Zwangsarbeit erwirtschaftet jährlich 150 Milliarden US-Dollar Profite für Unternehmen. Mehr als die Hälfte der europäischen Unternehmen profitiert von Menschenrechtsverletzungen oder Umweltschäden entlang der globalisierten Wertschöpfungskette. Ob in der Textilindustrie, im Ernährungssystem oder im Abbau von Rohstoffen für die Elektronikbranche: Unternehmensgewinne speisen sich systematisch aus menschenunwürdigen Arbeitsbedingungen und der Ausbeutung unserer Lebensgrundlagen.

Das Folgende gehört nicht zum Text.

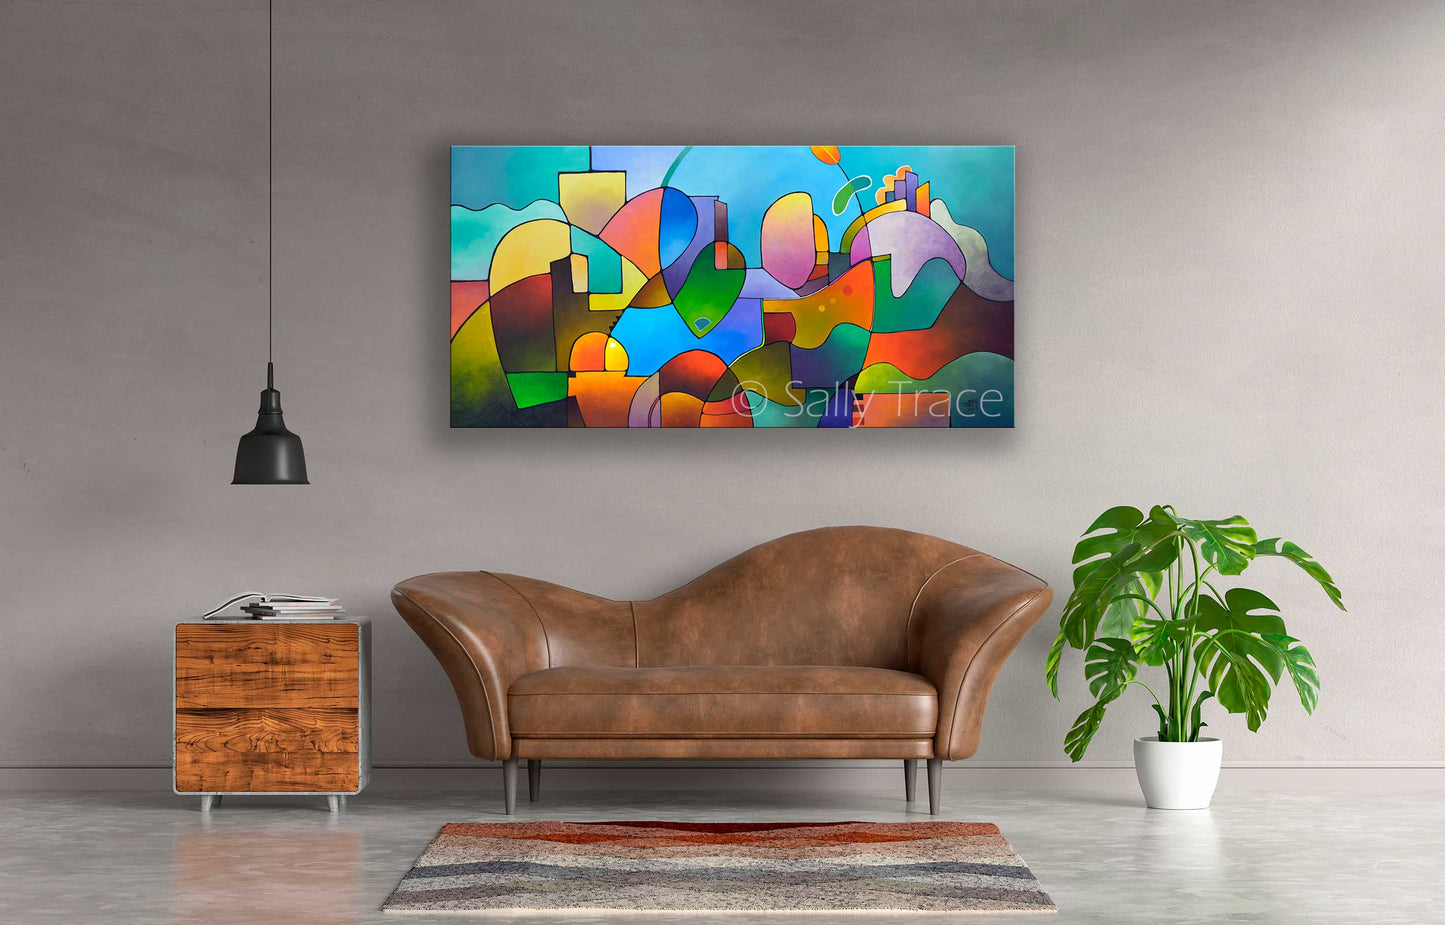 “Diversification” abstract landscape fine art prints, contemporary modern geometric colorful abstract art prints, geometric abstract wall art prints by Sally Trace, room view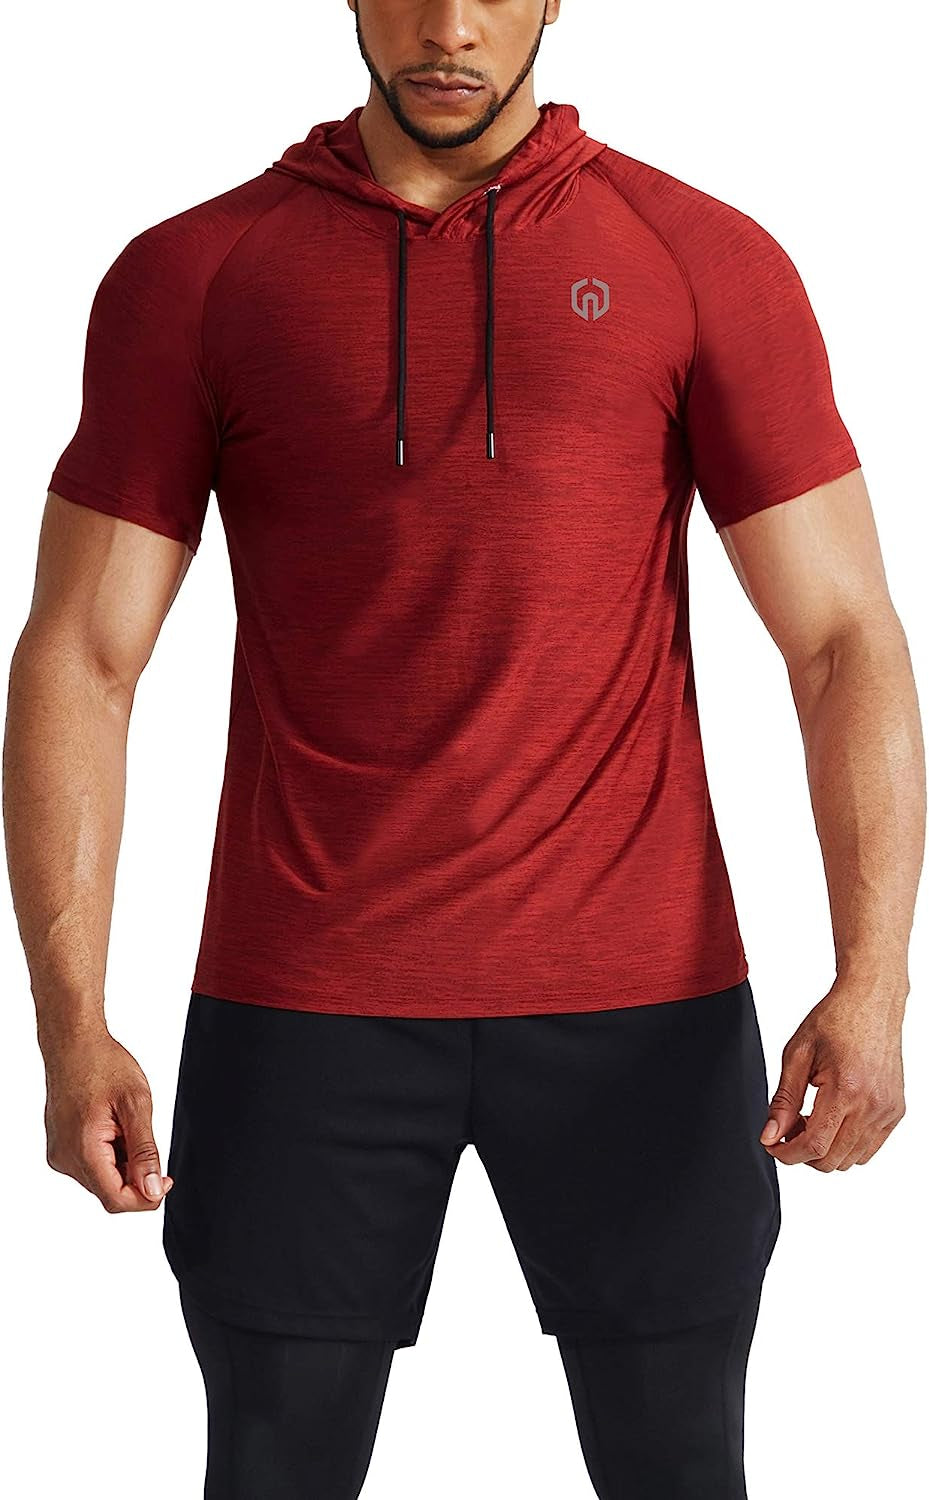 "Enhance Your Comfort and Style with the Men's Dry Fit Performance Athletic Shirt with Hoods!"

Welche rechtlichen Lücken erlauben diese Verwerfungen? Sind österreichsiche Unternehmen zur menschenrechtlichen Sorgfaltsprüfung verpflichtet?
Was fordert die Zivilgesellschaft in Europa und im Globalen Süden? Und welche Rolle haben ArbeitnehmerInnenvertretungen im Aufbau von Alternativen?

Mittwoch, 19.9.2018
17h30 Uhr
AK Bibliothek Lesesaal, Prinz Eugen-Strasse 20-22, 1040 Wien

Begrüßung:
– Valentin Wedl, EU & Internationales in der AK Wien
– Carla Weinzierl, NeSoVe / Netzwerk Soziale Verantwortung

Podium:
– Daniel Machado Gaio, Umweltsekretär der CUT, Brasilien / Central Única dos Trabalhadores (Gewerkschaftsdachverband)
– Sabine Stelczenmayer, internationales Referat im ÖGB
– Stefan Grasgruber-Kerl, Südwind
– Claudia Saller, ECCJ / European Coalition for Corporate Justice, Brüssel

Moderation:
Martina Bachler, Business Redaktion Trend

Ausklang mit Buffet bis 21:00 Uhr.
Für Übersetzung aus dem Portugiesischen ist gesorgt.
Die Teilnahme ist kostenlos, um Anmeldung wird gebeten.
Die Veranstaltung wird organisiert von NeSoVe, Weltumspannend Arbeiten und der Arbeiterkammer Wien.